_WHAT THE TASK REQUIRES:_
What you give must be the lines from the one containing "lovely Indonesian model image" through the last line of the listing below, exactly, with nothing else and no pictures.

_DATA SECTION:_
↓↓↓

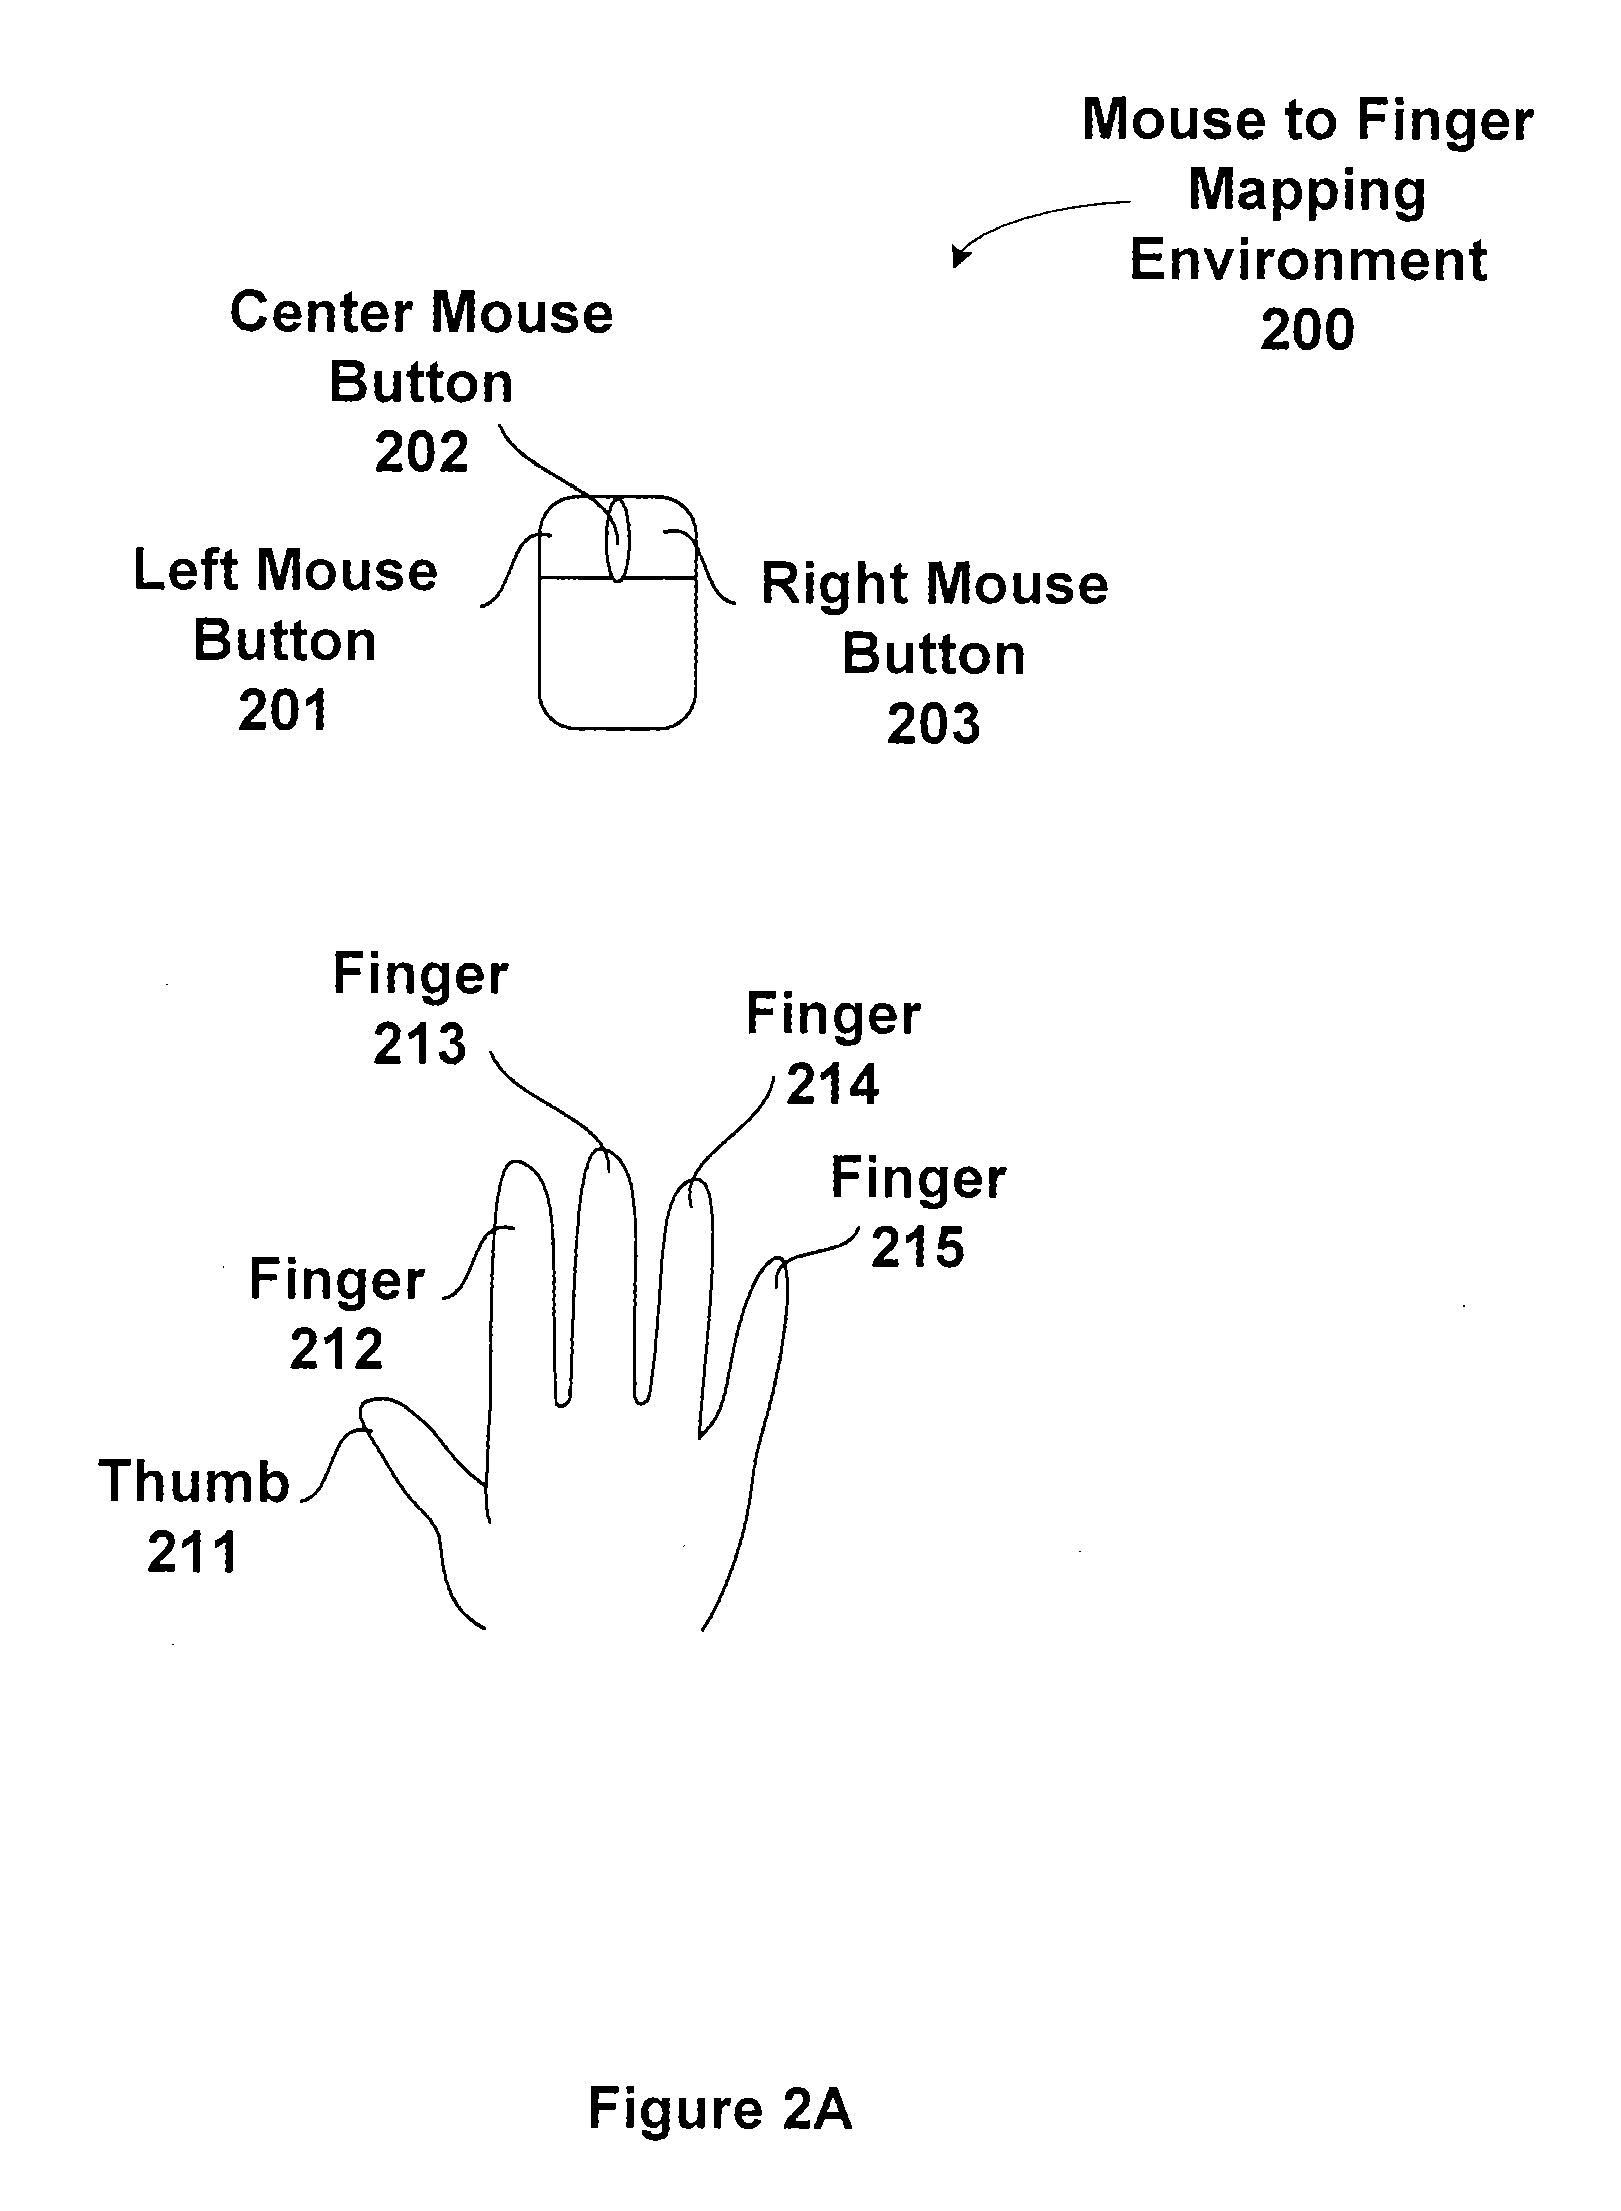 Multi-finger mouse emulation
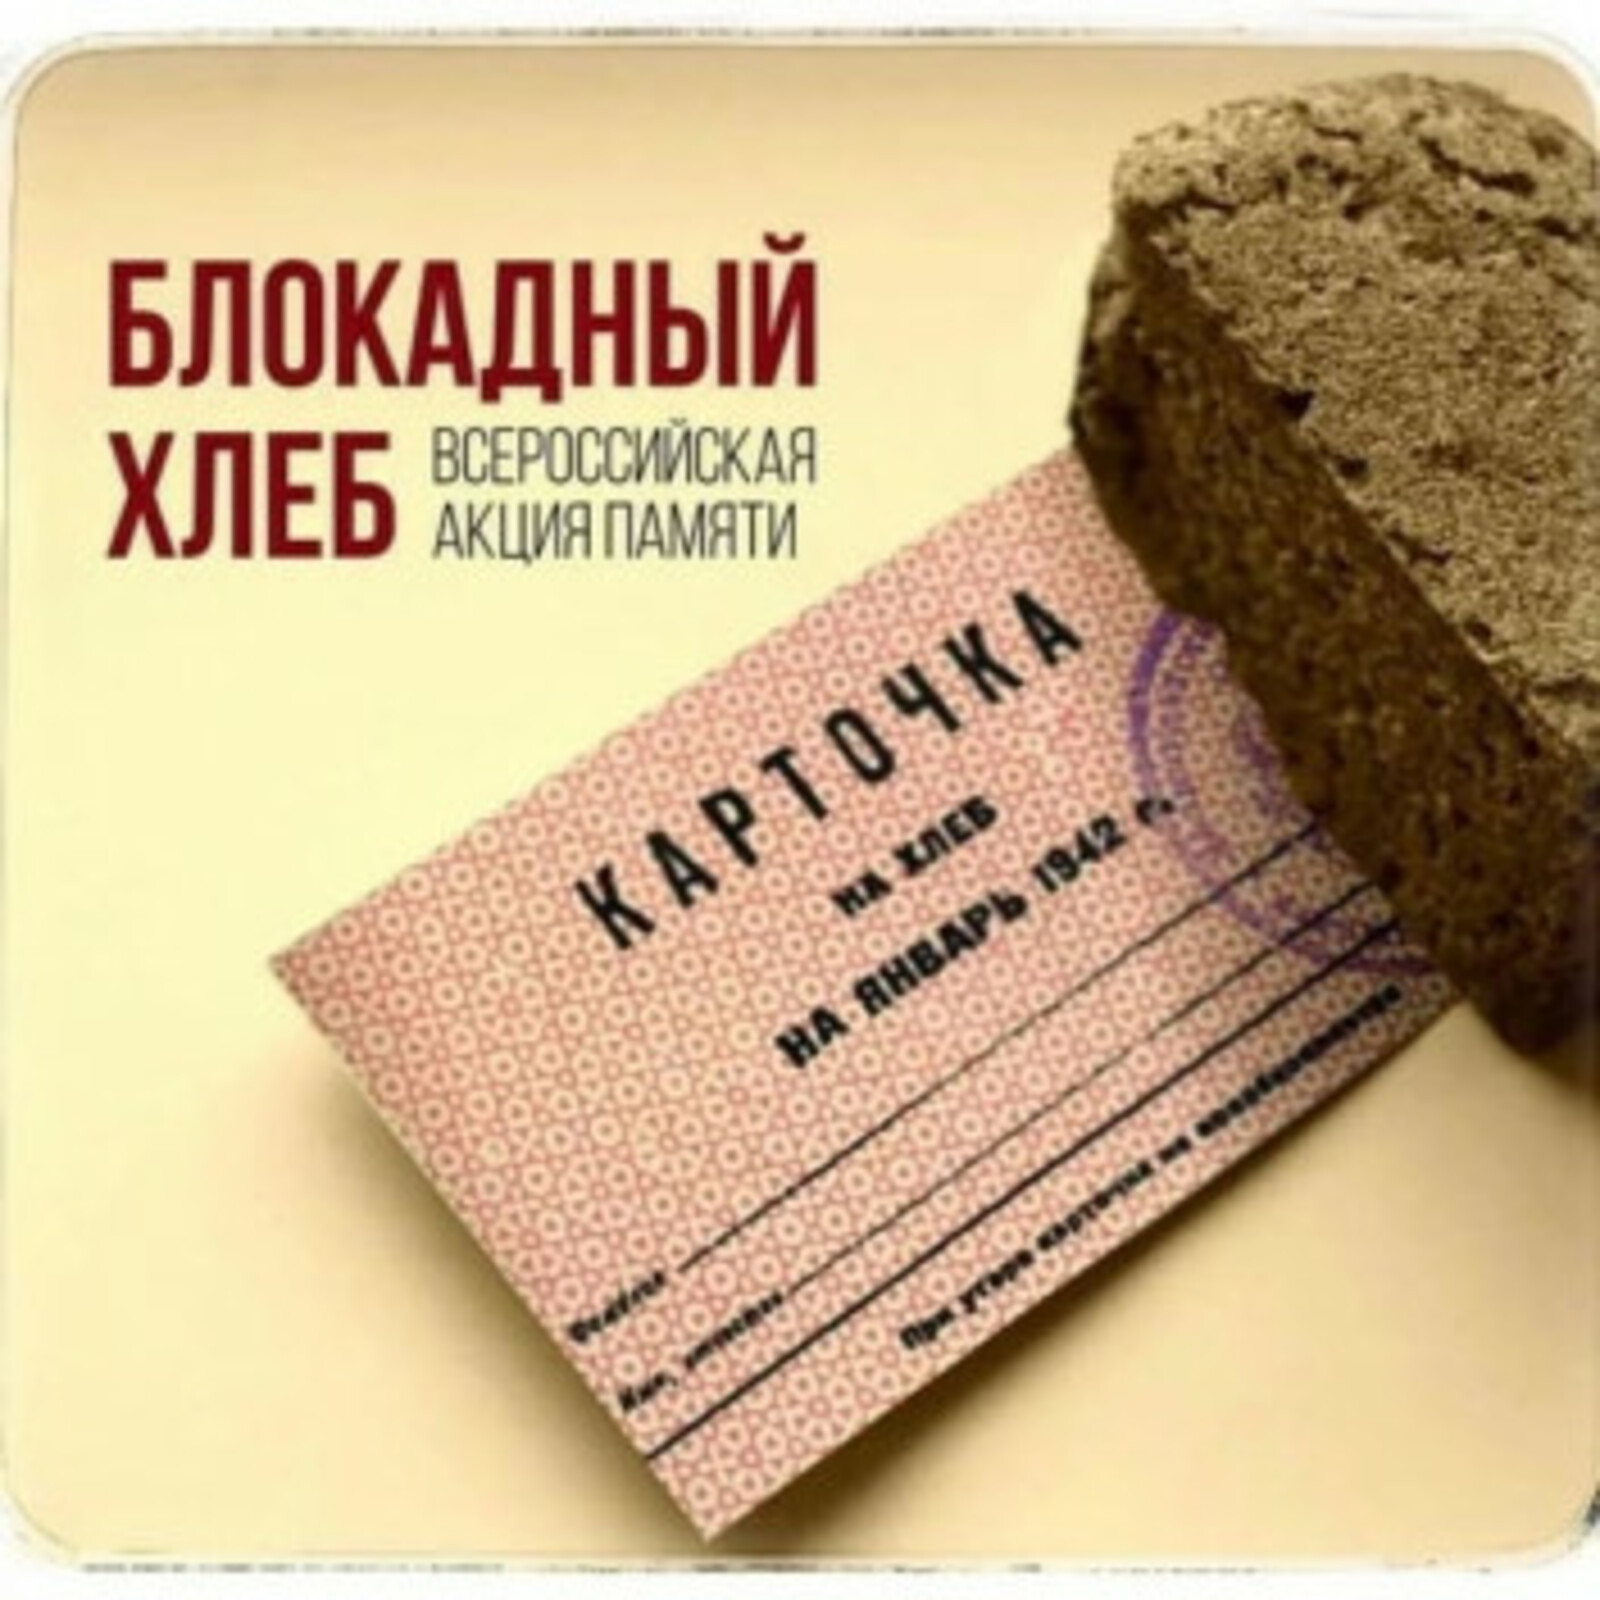 В Башкортостане проводится акция "Блокадный хлеб"
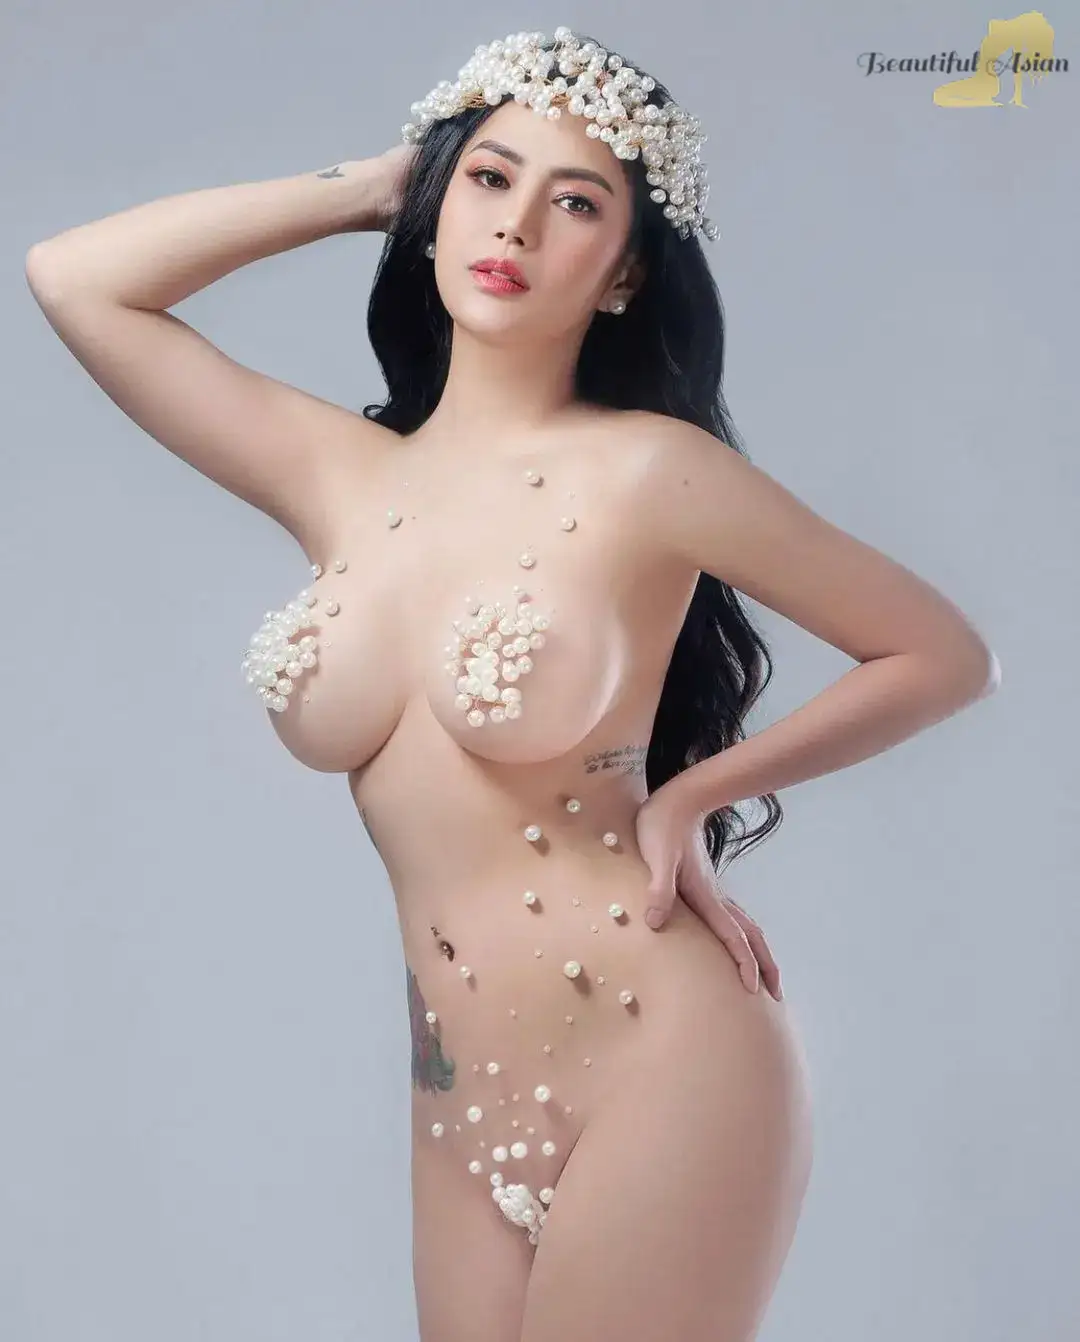 lovely Indonesian model image
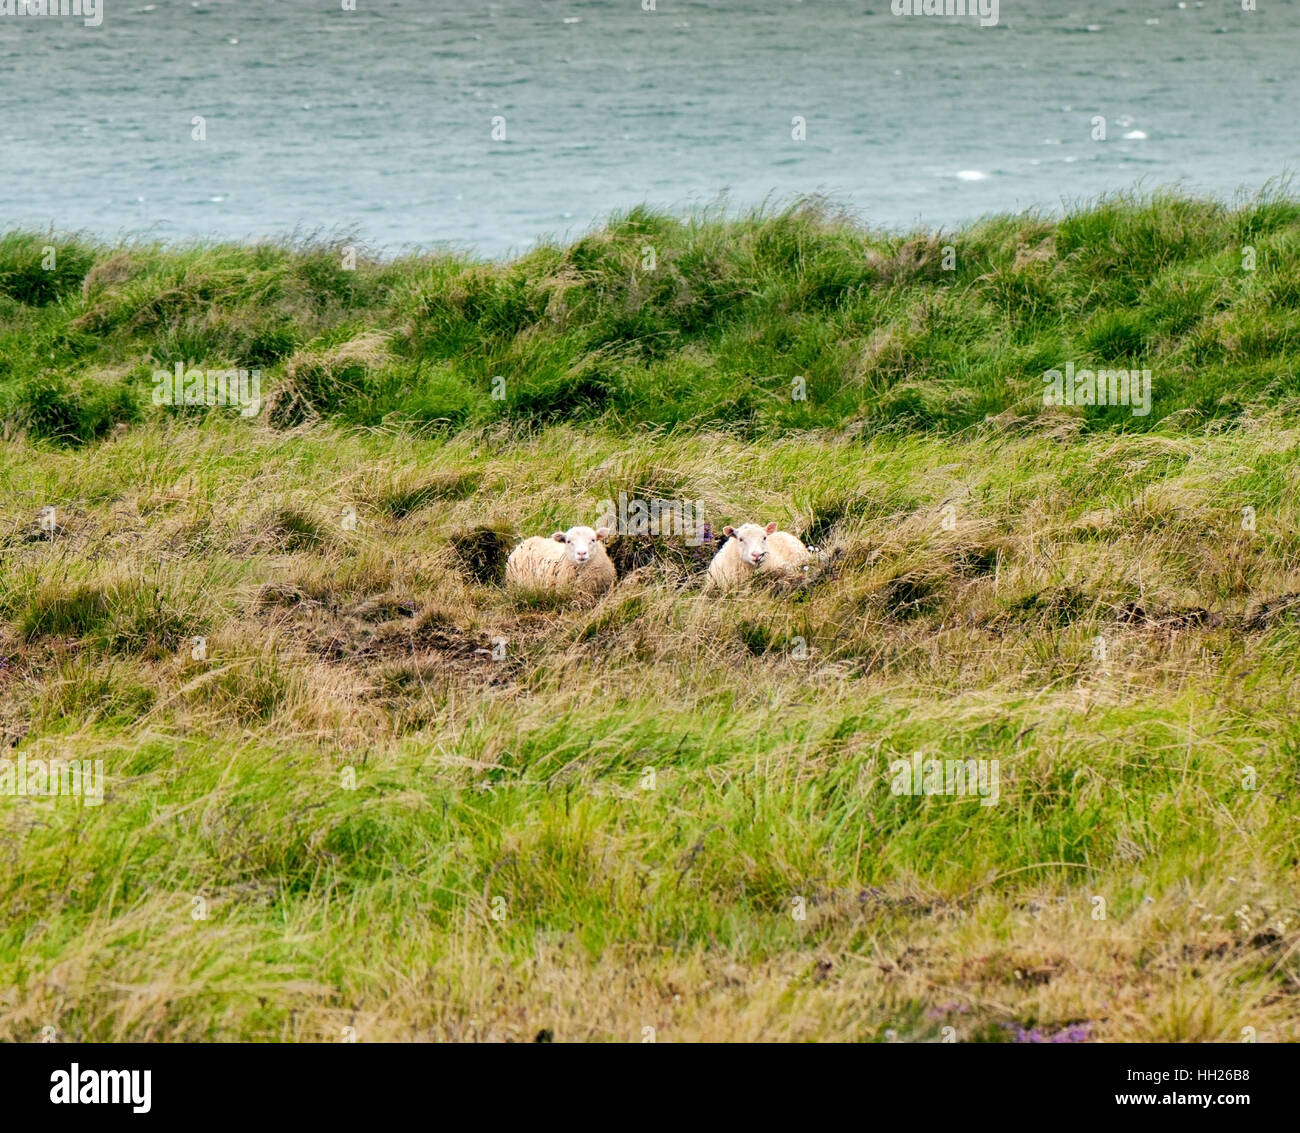 Deux moutons islandais se reposant dans l'herbe. Banque D'Images

↑↑↑

_RESULT OF THIS EXERCISE:_
 lovely Indonesian model image
 Deux moutons islandais se reposant dans l'herbe. Banque D'Images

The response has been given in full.